10.3.1. Service Logs
OpenShift Container Platform produces logs with each systemd service that is running on a host:
- atomic-openshift-master-api
- atomic-openshift-master-controllers
- etcd
- atomic-openshift-node
These logs are intended more for debugging purposes than for security auditing. They can be retrieved per host with journalctl
or, in clusters with the aggregated logging stack deployed, in the logging .operations indexes (possibly in the Ops cluster) as a cluster administrator.
10.3.2. Master API Audit Log
To log master API requests by users, administrators, or system components enable audit logging for the master API. This will create a file on each master host or, if there is no file configured, be included in the service’s journal. Entries in the journal can be found by searching for "AUDIT".
Audit log entries consist of one line recording each REST request when it is received and one line with the HTTP response code when it completes. For example, here is a record of the system administrator requesting a list of nodes:
2017-10-17T13:12:17.635085787Z AUDIT: id="410eda6b-88d4-4491-87ff-394804ca69a1" ip="192.168.122.156" method="GET" user="system:admin" groups="\"system:cluster-admins\",\"system:authenticated\"" as="<self>" asgroups="<lookup>" namespace="<none>" uri="/api/v1/nodes" 2017-10-17T13:12:17.636081056Z AUDIT: id="410eda6b-88d4-4491-87ff-394804ca69a1" response="200"

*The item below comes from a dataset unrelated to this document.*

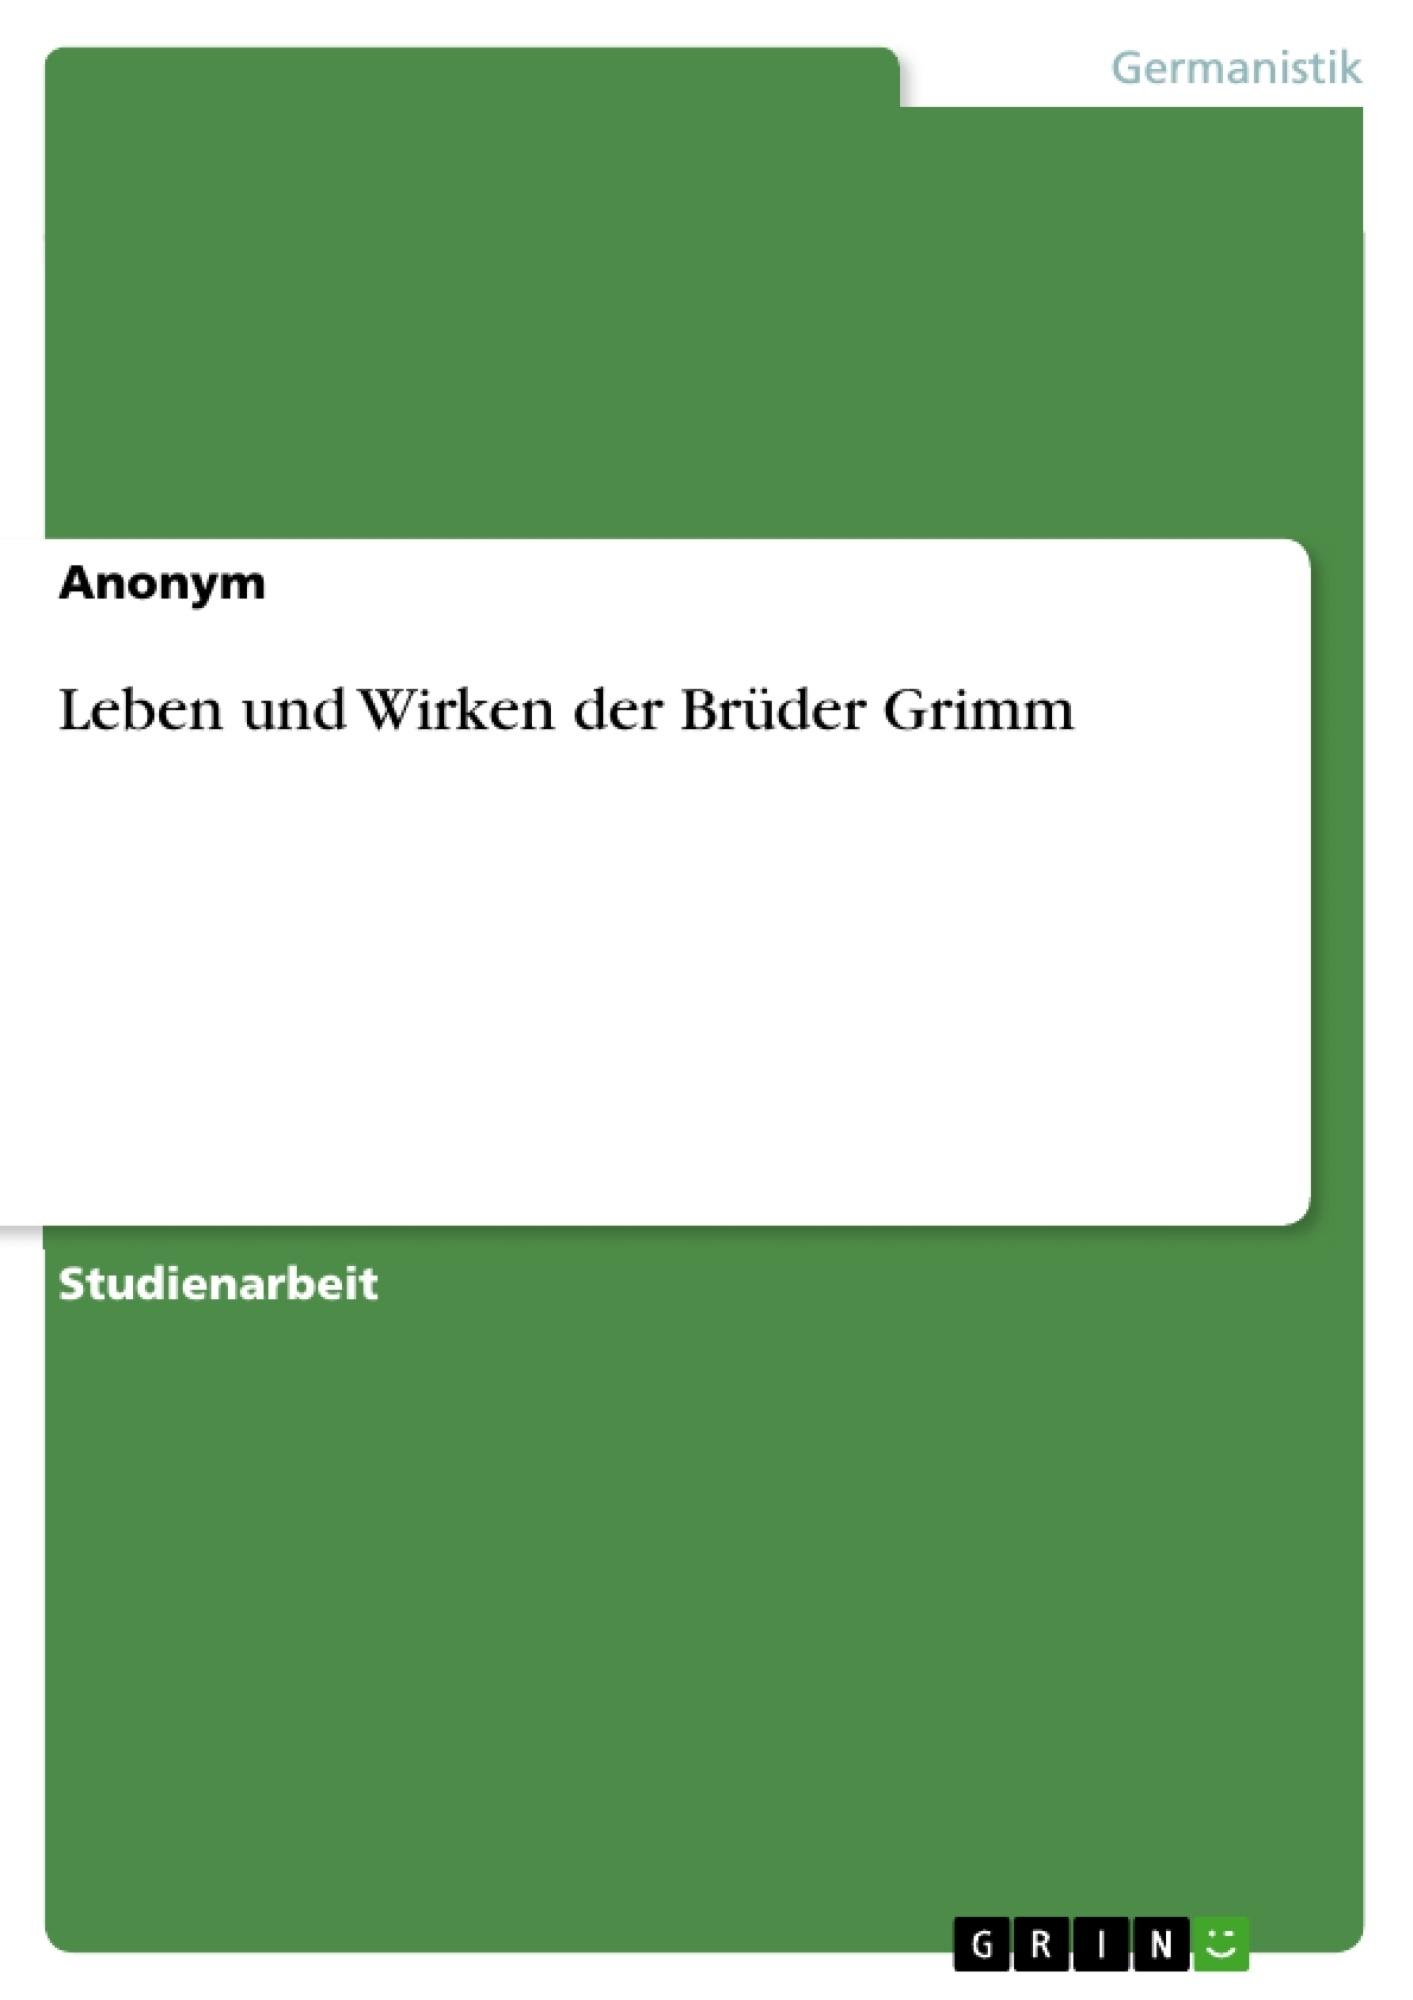 Grin Leben Und Wirken Der Brüder Grimm

It might be useful to poll the log periodically for the number of recent requests per response code, as shown in the following example:
$ tail -5000 /var/log/openshift-audit.log \ | grep -Po 'response="..."' \ | sort | uniq -c | sort -rn 3288 response="200" 8 response="404" 6 response="201"
The following list describes some of the response codes in more detail:
-
200
or201
response codes indicate a successful request. -
400
response codes may be of interest as they indicate a malformed request, which should not occur with most clients. -
404
response codes are typically benign requests for a resource that does not exist. -
500
-599
response codes indicate server errors, which can be a result of bugs, system failures, or even malicious activity.
If an unusual number of error responses are found, the audit log entries for corresponding requests can be retrieved for further investigation.
The IP address of the request is typically a cluster host or API load balancer, and there is no record of the IP address behind a load balancer proxy request (however, load balancer logs can be useful for determining request origin).
It can be useful to look for unusual numbers of requests by a particular user or group.
The following example lists the top 10 users by number of requests in the last 5000 lines of the audit log:
$ tail -5000 /var/log/openshift-audit.log \ | grep -Po ' user="(.*?)(?<!\\)"' \ | sort | uniq -c | sort -rn | head -10 976 user="system:openshift-master" 270 user="system:node:origin-node-1.example.local" 270 user="system:node:origin-master.example.local" 66 user="system:anonymous" 32 user="system:serviceaccount:kube-system:cronjob-controller" 24 user="system:serviceaccount:kube-system:pod-garbage-collector" 18 user="system:serviceaccount:kube-system:endpoint-controller" 14 user="system:serviceaccount:openshift-infra:serviceaccount-pull-secrets-controller" 11 user="test user" 4 user="test \" user"
More advanced queries generally require the use of additional log analysis tools. Auditors will need a detailed familiarity with the OpenShift v1 API and Kubernetes v1 API to aggregate request summaries from the audit log according to which kind of resource is involved (the uri
field). See REST API Reference for details.
More advanced audit logging capabilities are introduced with OpenShift Container Platform 3.7 as a Technology Preview feature. This feature enables providing an audit policy file to control which requests are logged and the level of detail to log. Advanced audit log entries provide more detail in JSON format and can be logged via a webhook as opposed to file or system journal.